Yemen's Houthi rebels started withdrawing Saturday from the ports of Hodeida, Salif, and Ras-Issa, under a United Nations peace deal.
Michael Lollesgaard, the chair of the U.N.'s Redeployment Coordination Committee (RCC), announced Friday that the redeployment would start Saturday and conclude by Tuesday.
The head of the rebels' Supreme Revolutionary Committee said the withdrawal from the ports started at 10 a.m. local time.
Lollesgaard said the pullout amounts to a "first practical step" since the conclusion of the Hodeida Agreement, which provides for a cease-fire between the warring parties in Yemen and withdrawal of fighters from three port cities. He said the redeployment must be followed by committed, transparent and sustained actions of the parties involved to fully deliver on their obligations.

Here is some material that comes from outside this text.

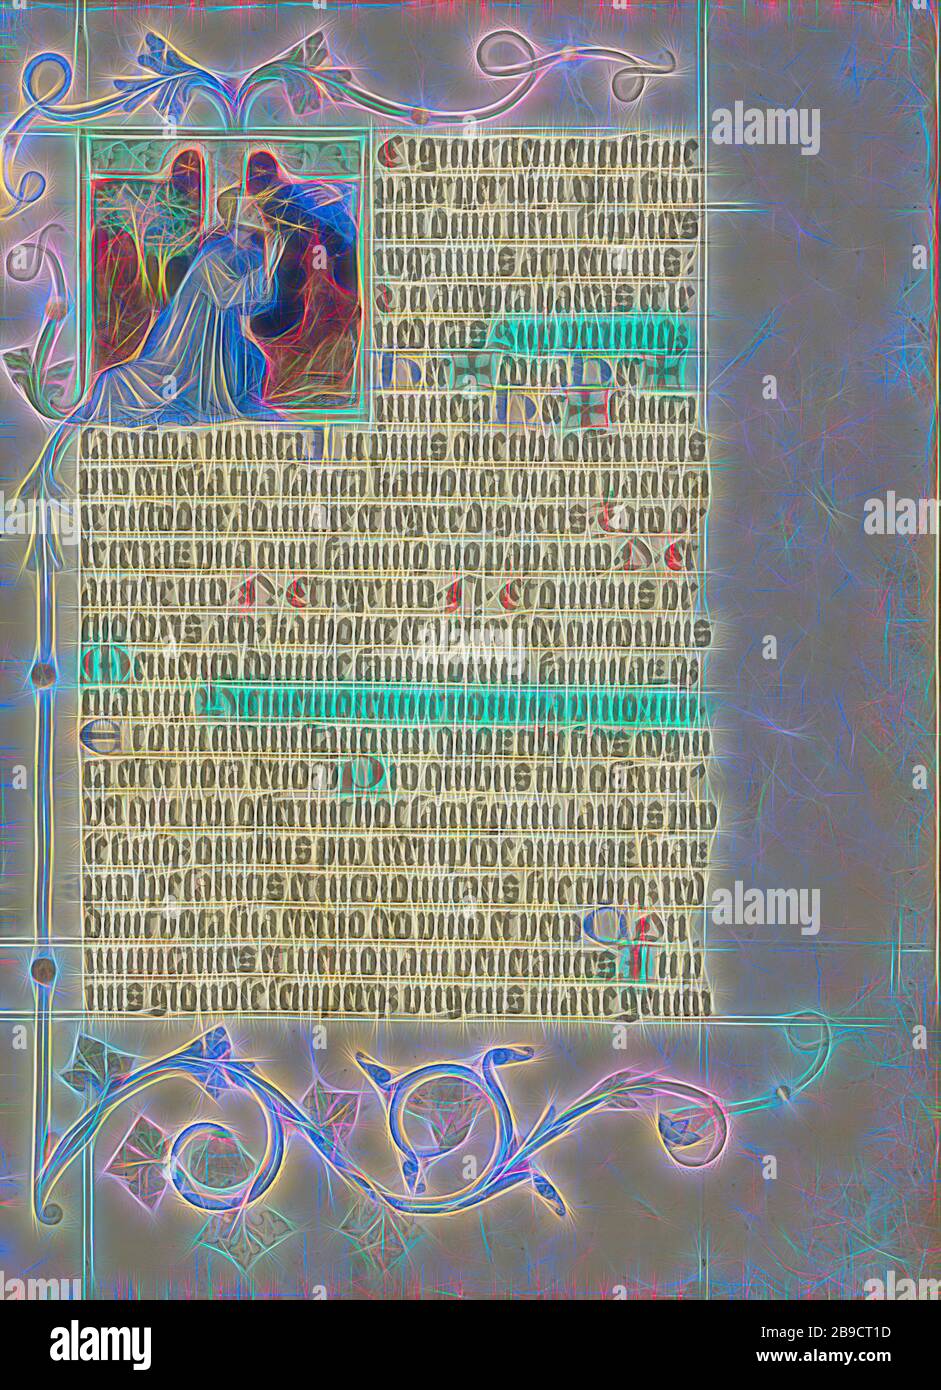 Initiale T: L'Agony dans le jardin, Maître Michael (autrichien, actif environ 1420 jusqu'au milieu du XVe siècle), Vienne, Autriche, environ 1420 - 1430, couleurs de Tempera, feuille d'or, et encre sur parchemin, feuille: 41,9 x 31 cm (16 1,2 x 12 3,16 po, repensé par Gibon, design de gaie chaleureuse de luminosité et de rayonnement de rayons lumineux. L'art classique réinventé avec une touche moderne. La photographie inspirée du futurisme, qui embrasse l'énergie dynamique de la technologie moderne, du mouvement, de la vitesse et révolutionne la culture. Banque D'Images

Lollesgaard added that the full implementation of the Hodeida Agreement will help ensure the delivery of humanitarian aid to millions of people in Yemen who need life-saving assistance. The U.N. said it would continue to support that goal and work to return peace and stability to Yemen.
Government negotiator Sadek Dawad said he welcomed the "first step of he first phase of redeployment" of the rebel forces and urged the U.N. to monitor and verify the pullout.
The port of Hodeida is the entry point for 70 percent of the humanitarian aid and imports to Yemen, where the four-year civil war has created the world's worst humanitarian crisis. Some 60,000 people have been killed in the war that has pushed many Yemeni's to the brink of famine. Nearly 3 million people have been displaced and nearly two-thirds of them are in need of aid.